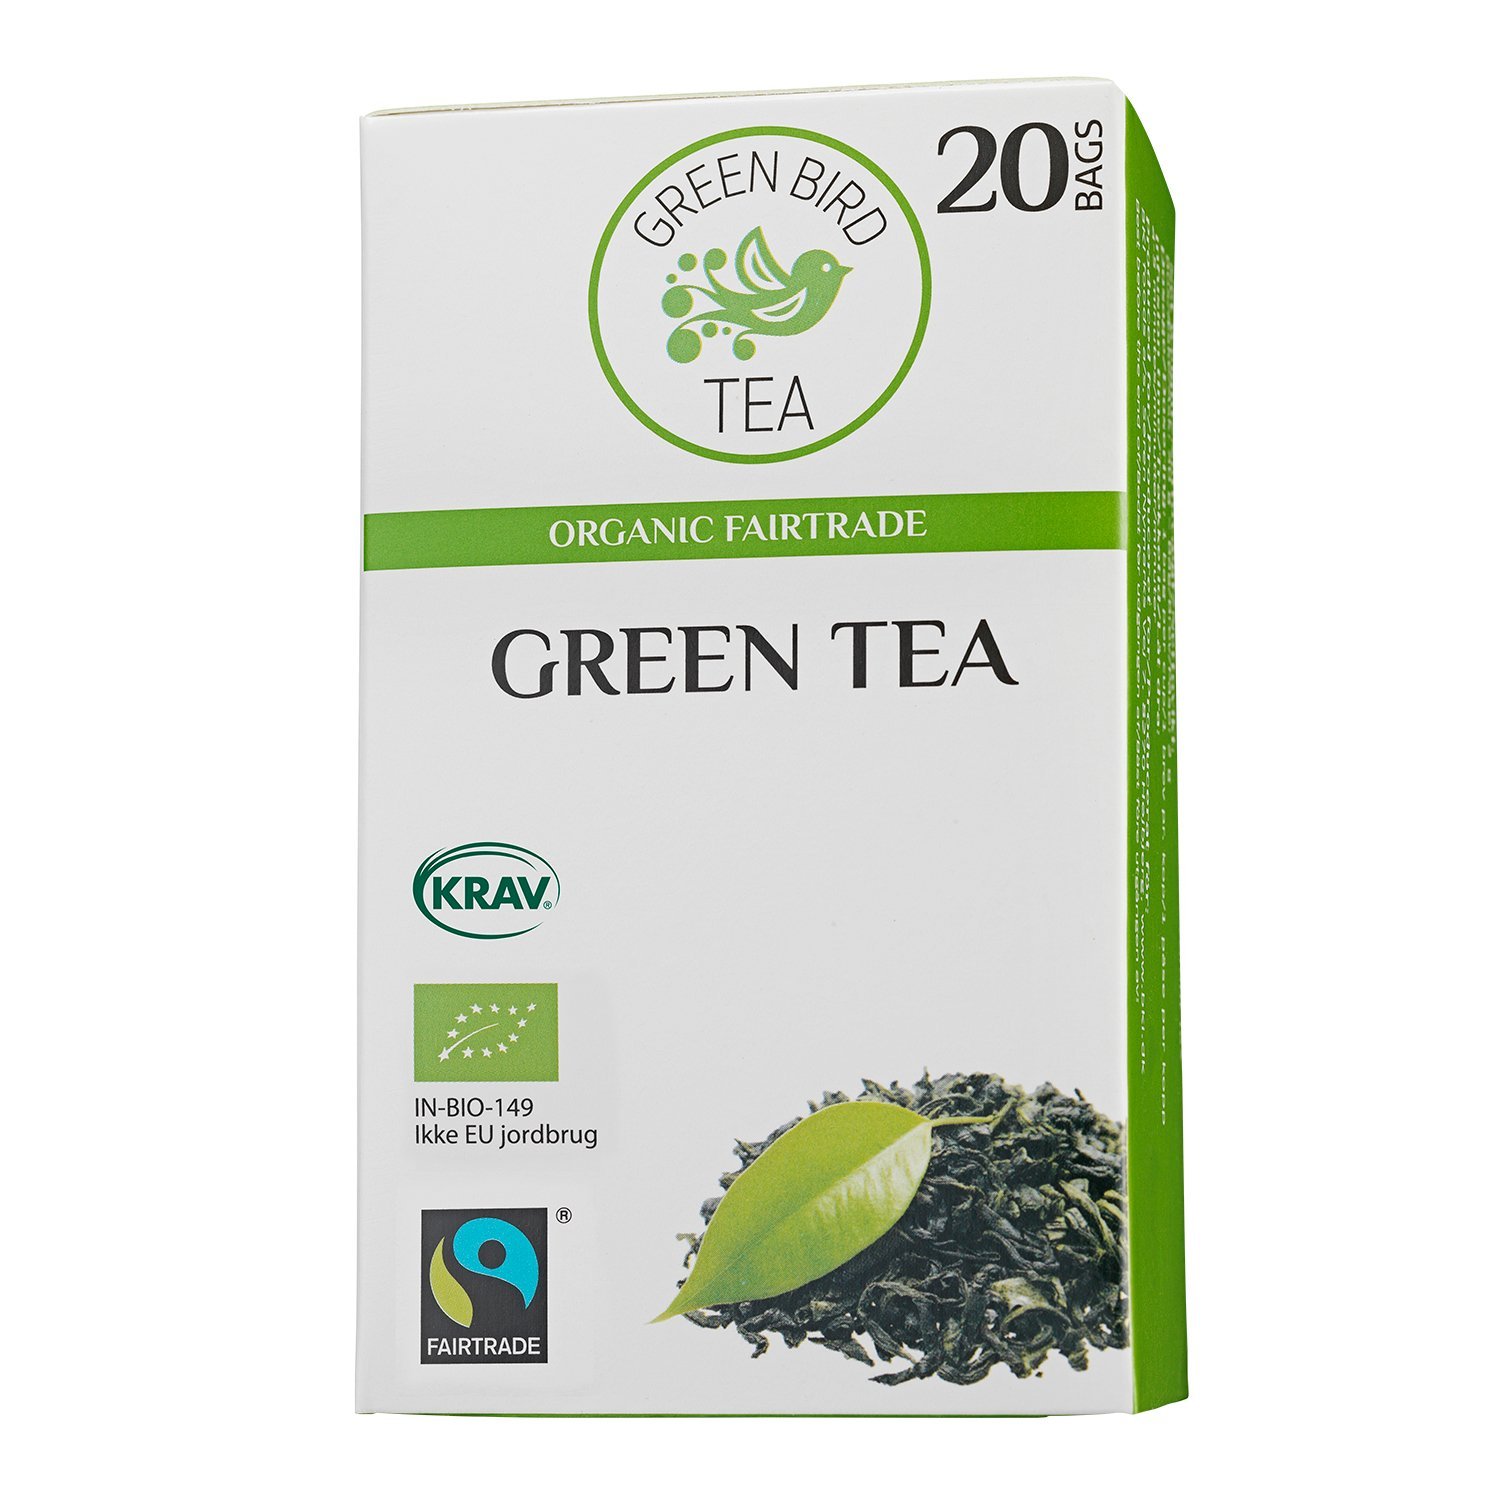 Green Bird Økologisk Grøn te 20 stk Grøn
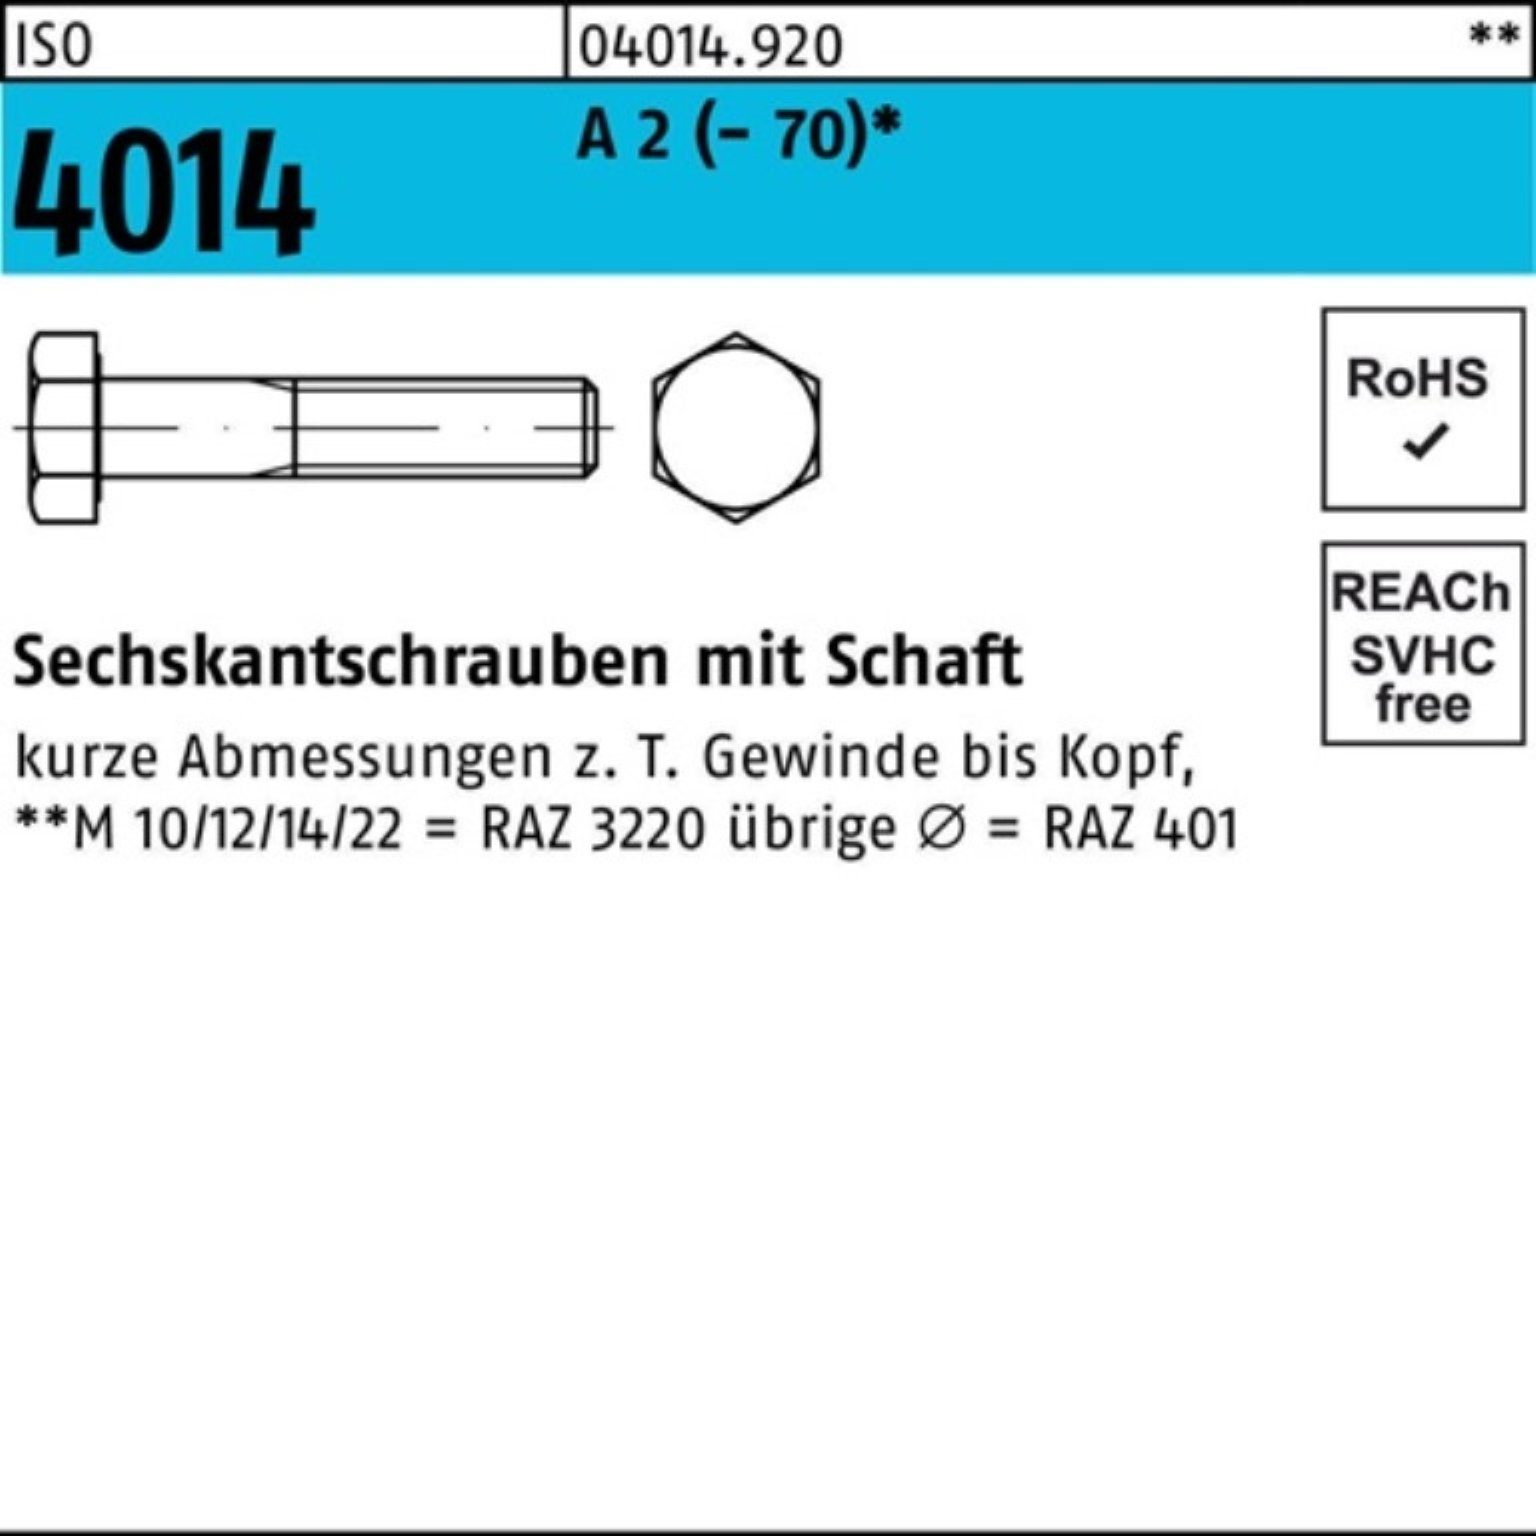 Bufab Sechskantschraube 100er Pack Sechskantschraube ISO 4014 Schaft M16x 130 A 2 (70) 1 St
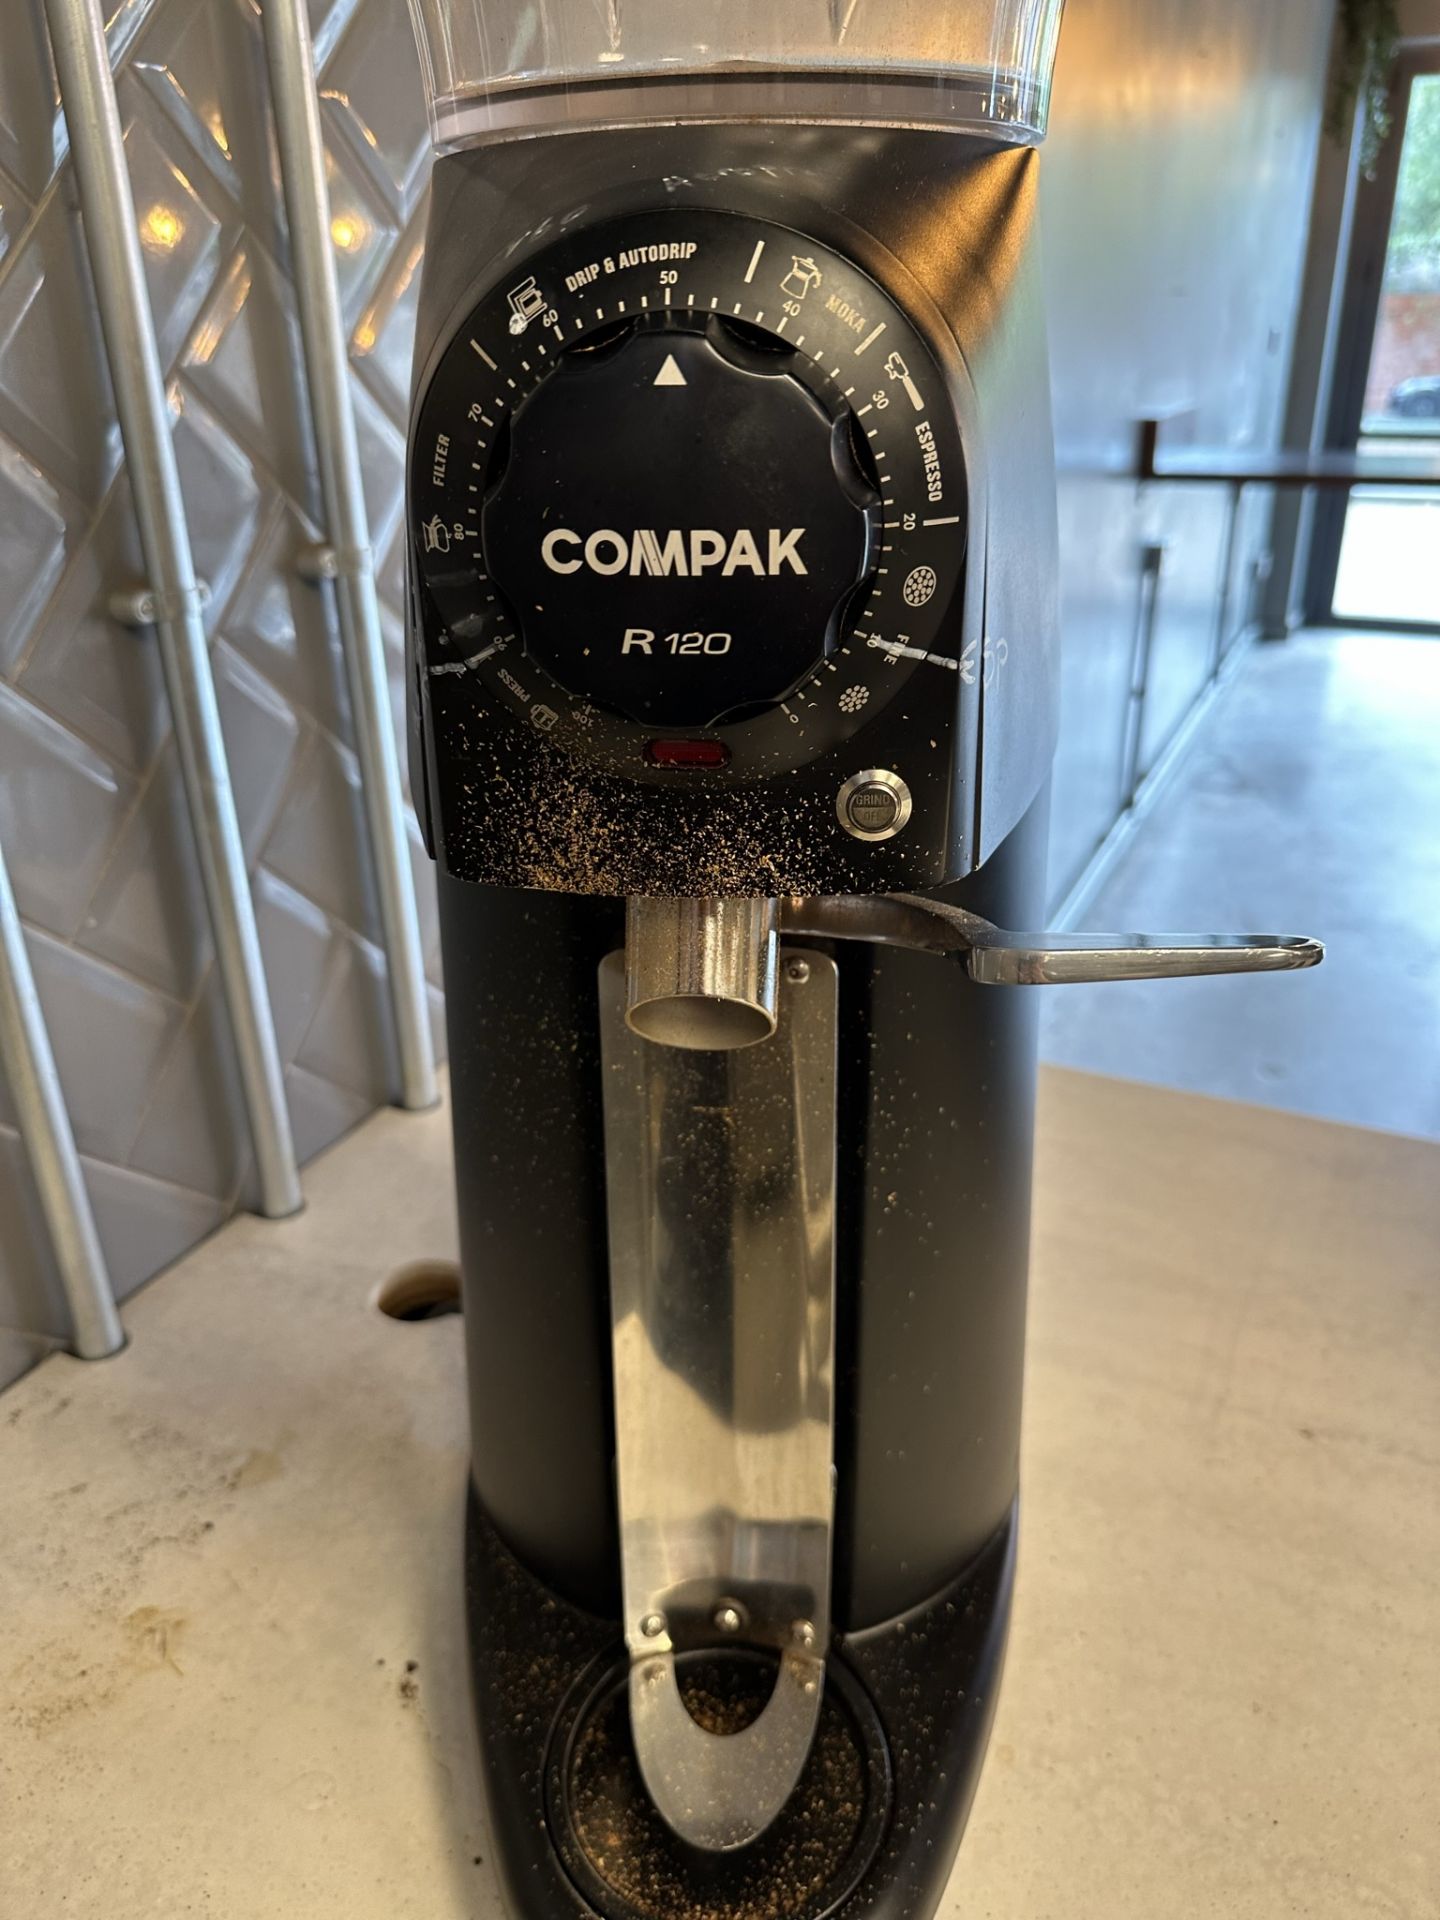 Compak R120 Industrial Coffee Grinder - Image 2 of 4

# [Exercise goal]
Without the pictures, write out every line above exactly as it appears.

# [Task answer]
 Green Bird Økologisk Grøn te 20 stk Grøn
 Bufab Sechskantschraube 100er Pack Sechskantschraube ISO 4014 Schaft M16x 130 A 2 (70) 1 St
 Compak R120 Industrial Coffee Grinder - Image 2 of 4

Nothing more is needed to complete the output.